Brandeis is full of pre-med students, but we are unique in that we come from a university devoted to “social justice.” While the buzzword is frequently thrown around, what does it actually mean? Many of us want to “help people” and “change the world,” but, when we reach our professional goals, we need to remember just how people need help, and what kind of “change” is most important.

Social justice means providing people of all backgrounds with an equal opportunity and access to service. It means paying attention to how a person lives and learns, and understanding where she comes from. To be an effective professional of any kind you must treat a person, even one you cannot speak to, with respect and kindness.

Perhaps the doctor thought he was doing a great service to a family that had gone a very long time without treatment. But without the proper attitude, he cannot expect their trust and confidence in his care. Doctors pledge to “do no harm.” I think, however, that treating a person as if they are worth less because they do not speak English is a cause for harm.

The doctor was about to tell the family to come back another day, when I finally spoke up to take care of the paperwork. It is exceedingly difficult to receive and manage medical treatment if one does not speak English. After having scheduled a few further appointments, I accompanied the family to the doctor again. This time, the staff had completely different attitudes.

Maybe the previous visit happened on a bad day, but I think they were instead responding to my presence. I represented another person in the room who they knew could speak English, and who would understand their snide remarks and brusque manner.

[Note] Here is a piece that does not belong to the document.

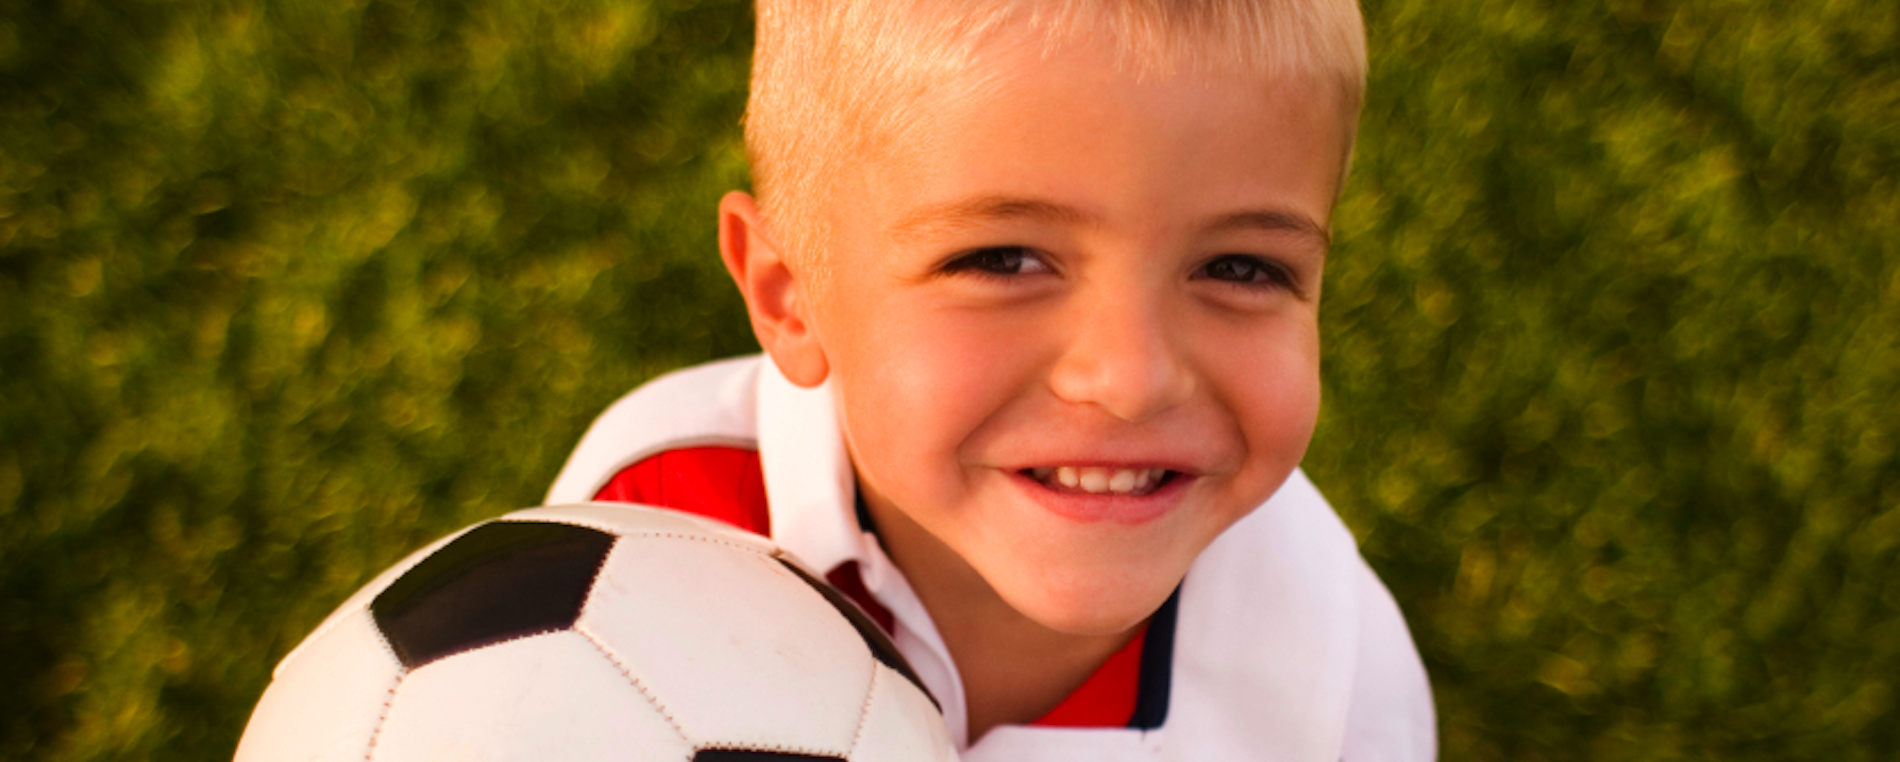 Sports FUNdamentals Soccer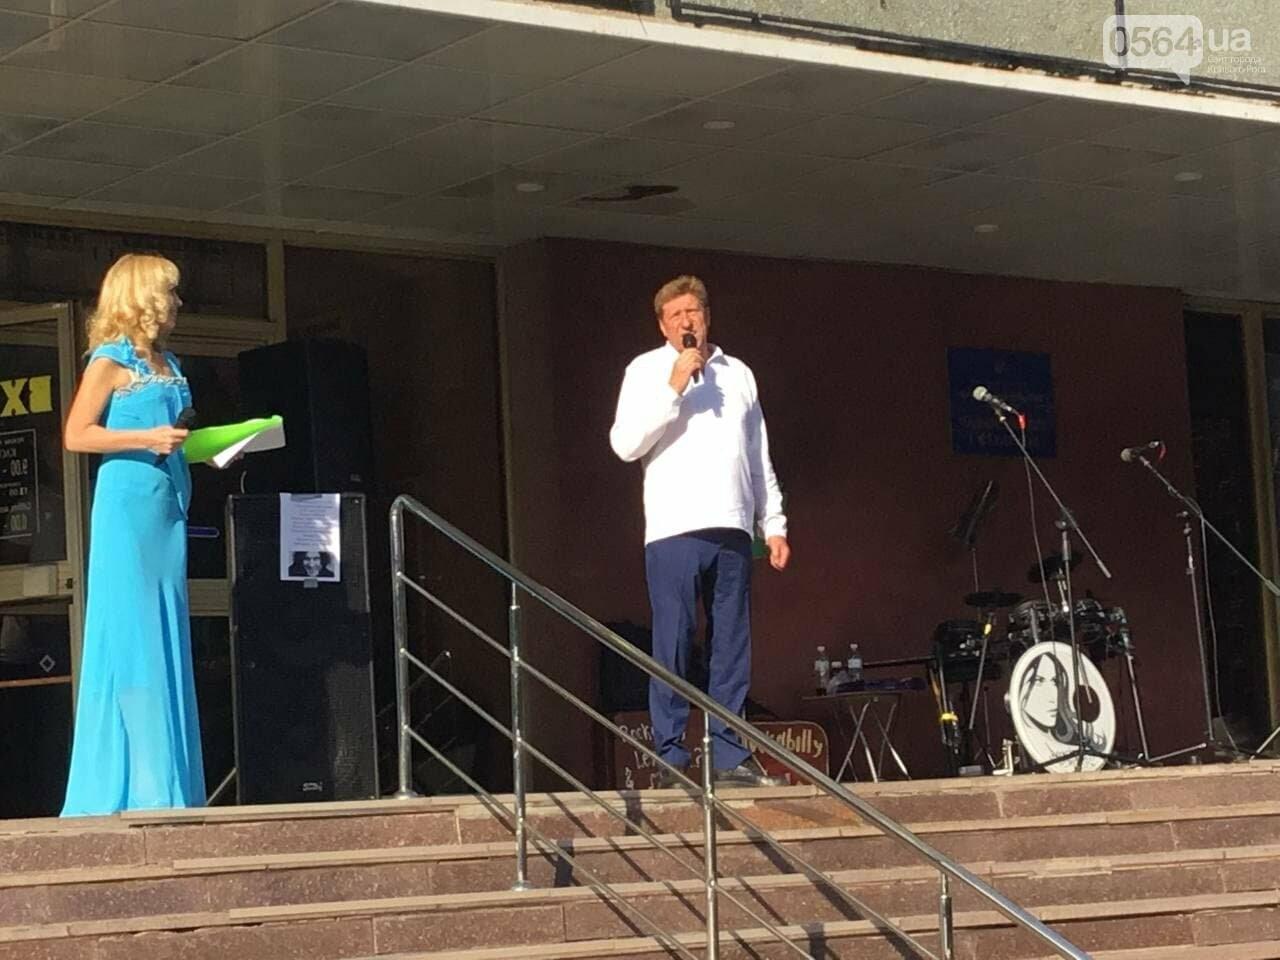 18 конкурсантов представили своё творчество на 5-м Криворожском фестивале имени Кузьмы Скрябина, - ФОТО, ВИДЕО, фото-4

It is wrong to discriminate against someone based on what language he or she speaks. Verbal language is not the only aspect of communication. Although I cannot speak with the Congolese family fluently, I am able to communicate with them through a mix of English, French and hand gestures. With just a few words, we can attempt to understand each other. When a refugee comes to the United States, they are provided with basic food, clothing and shelter, and eased into the social service and medical systems. But having a real life here depends on the interactions they have with other people. If we, as a community of neighbors, friends and providers, cannot be patient and respectful, we are making a negative impact on someone’s new start on life. It is only fair for us to treat them as we would like them to treat us.